Initiée par Moët & Chandon au lendemain de la guerre, la convention collective du champagne s'applique aux seuls salariés des maisons de négoce. Forte de très nombreux avantages sociaux (prévoyance sociale et couverture incapacité-invalidité étendues, retraite complémentaire obligatoire, jours de congés d'ancienneté, quatorze à quinze mois de salaire selon l'ancienneté, primes multiples, limitation de l'emploi précaire, etc.), elle est beaucoup plus enviable que la convention des caves coopératives ou que celle des exploitants vignerons. D'où la réputation de « nantis » des salariés du négoce.
Une commission mixte paritaire, la « tripartite », est censée réguler le secteur. Mais, au fil du temps, la tradition de négociation sociale s'est émoussée, les employeurs « ne souhaitant plus prendre leurs responsabilités », déplore Bruno Bression, secrétaire (CGT) du comité d'entreprise de Moët & Chandon. Pour mener à bien les négociations sur les 35 heures, les employeurs ont ainsi nommé à la présidence de la tripartite un DRH en retraite de la métallurgie ! La CGT, omniprésente, s'accroche quant à elle à une convention rempart.

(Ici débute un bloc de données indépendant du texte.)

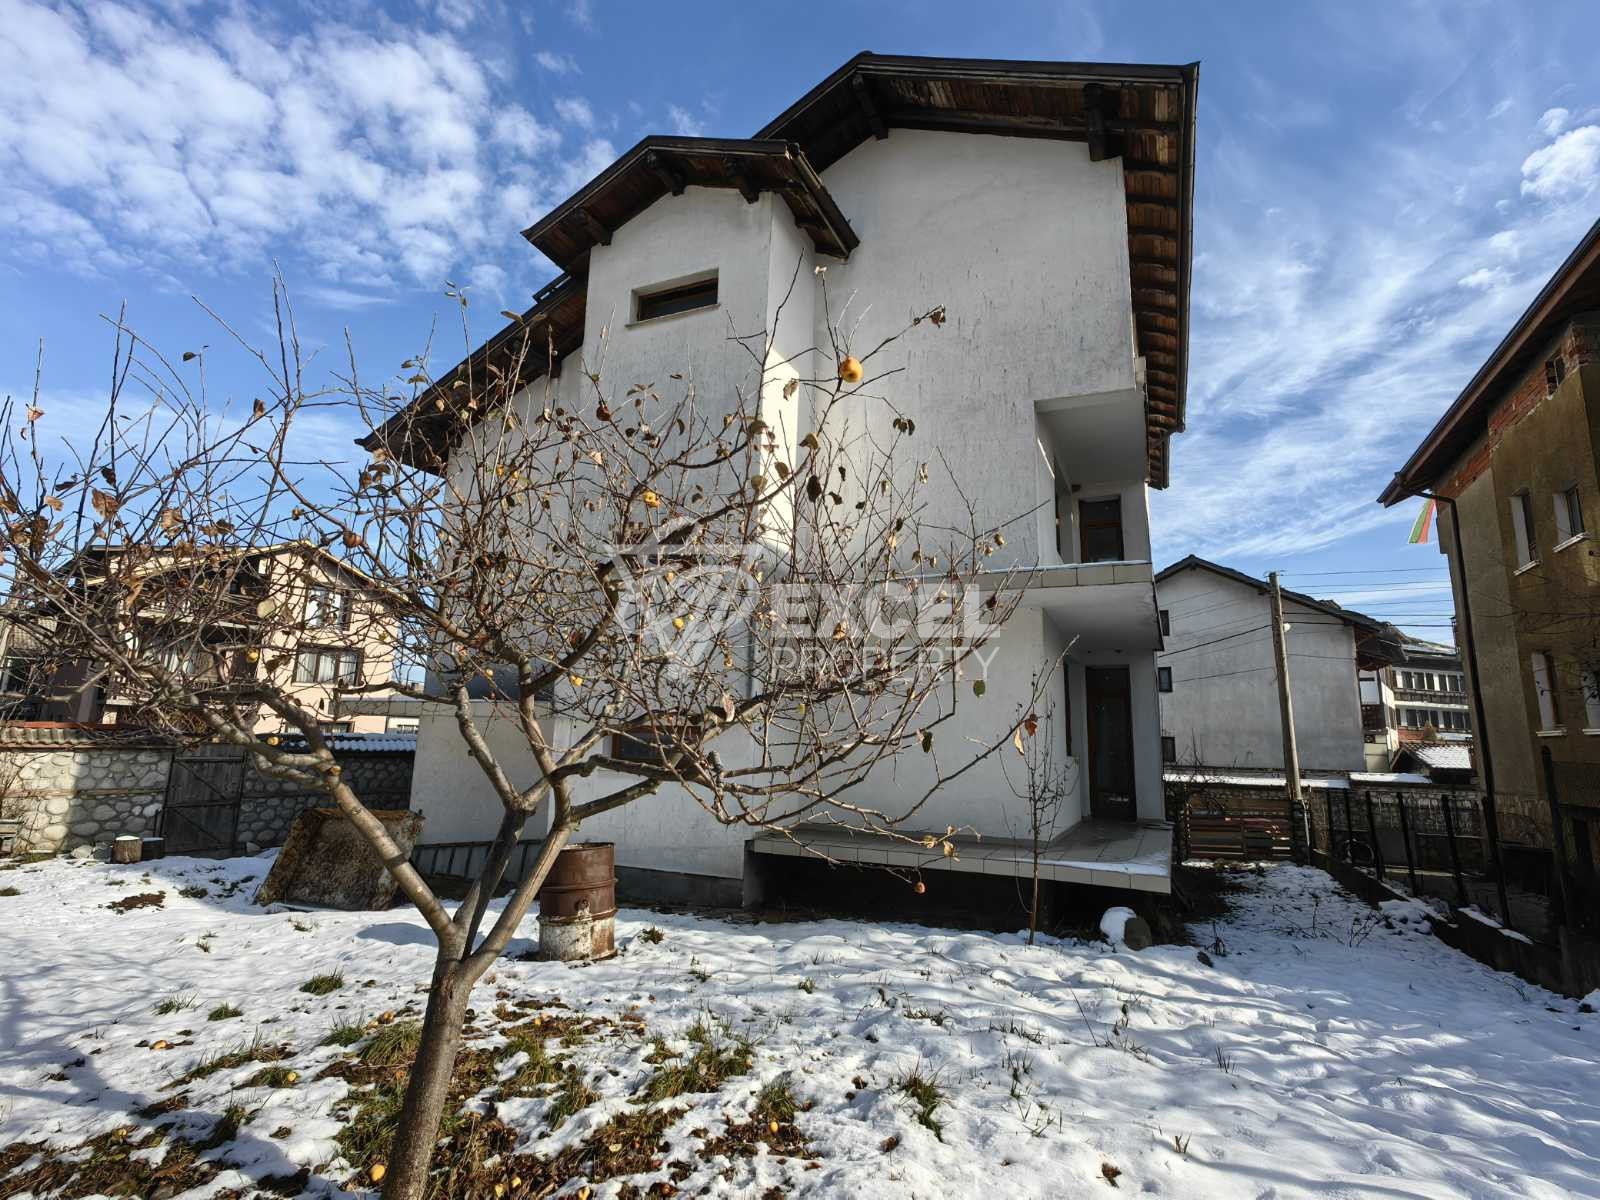 Масивна триетажна къща с 10 спални за продажба в Банско
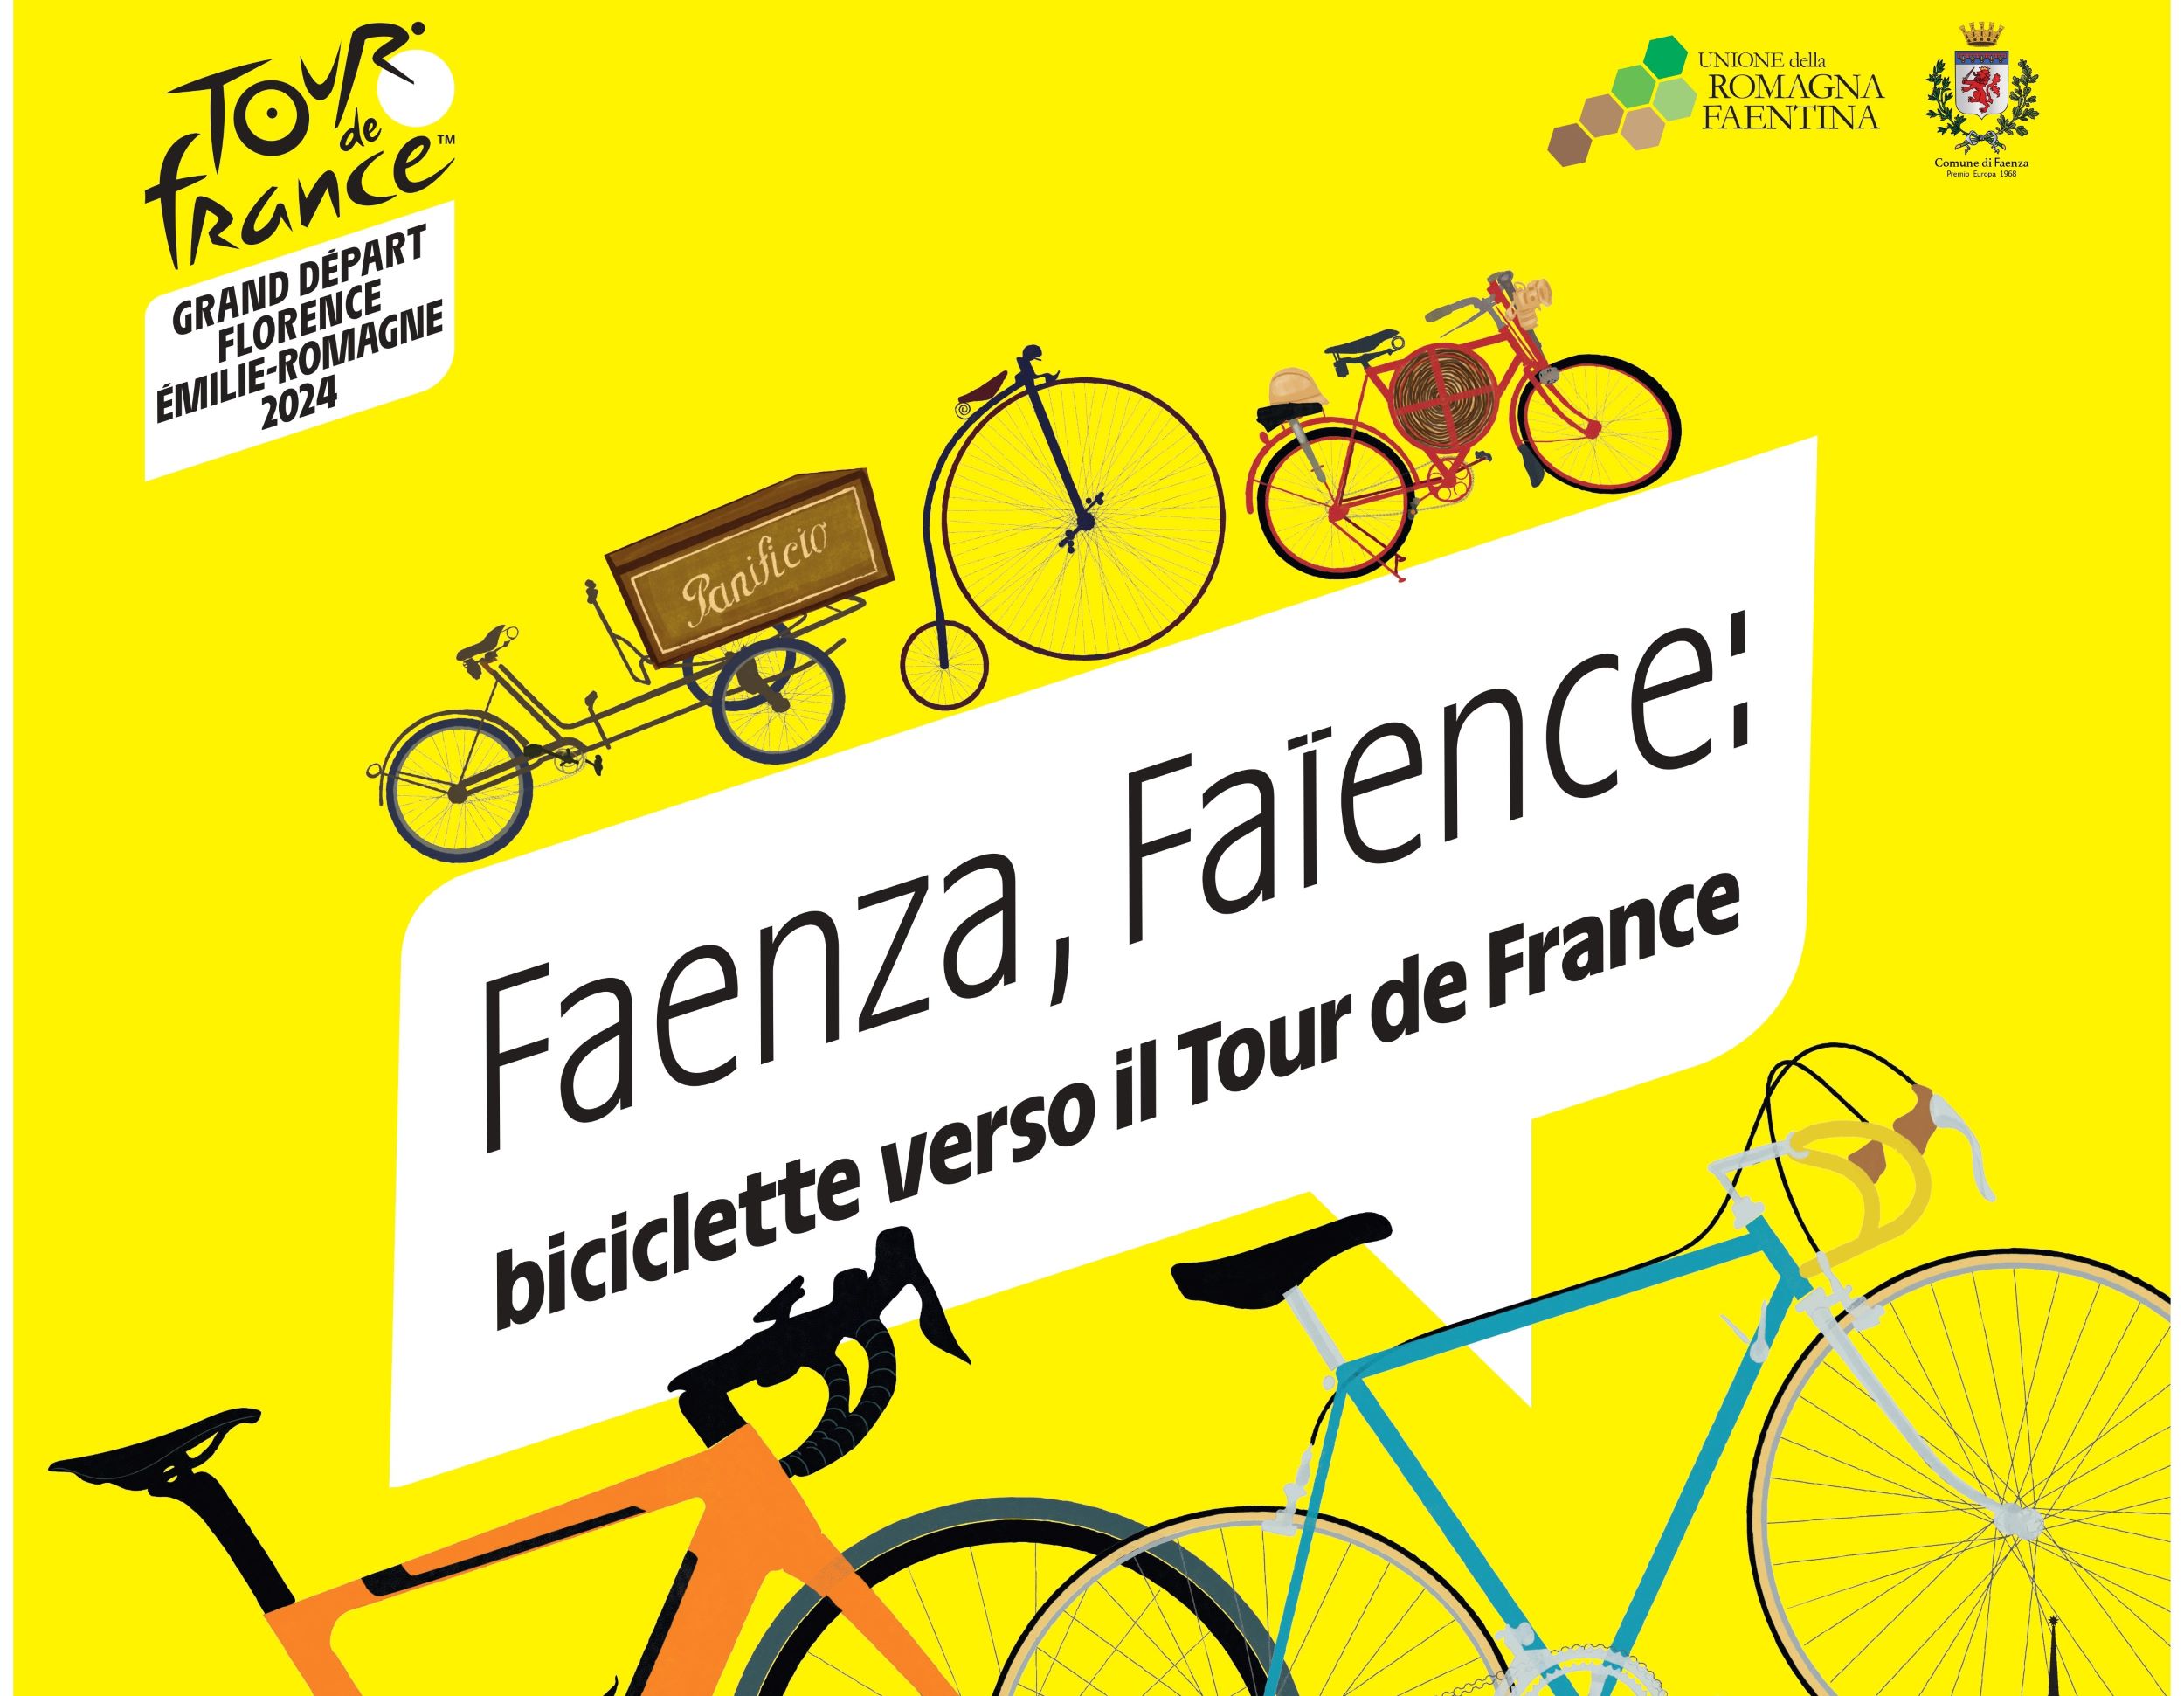 Faenza, Faïence, biciclette verso il Tour de France

Après la démonstration de force du 10 septembre, l'accord de branche sur les 35 heures signé trois jours plus tard prévoit 35 heures payées progressivement 40 durant les six premiers mois de travail, une modulation haute maximale de 44 heures, mais il ne comprend aucun volet emploi. « La convention du champagne a un coût. Mais la question est de savoir si elle favorise l'emploi », s'interroge Yves Dumont, président du directoire du groupe Laurent-Perrier. Une question judicieuse lorsqu'on observe l'évolution des effectifs régis par la convention. En quarante ans, ils sont passés de 15 000 à 4 500.
« Plus les syndicats pousseront des revendications exagérées, plus il y aura d'externalisation », considère Yves Lombard, directeur général de l'Union des maisons de champagne.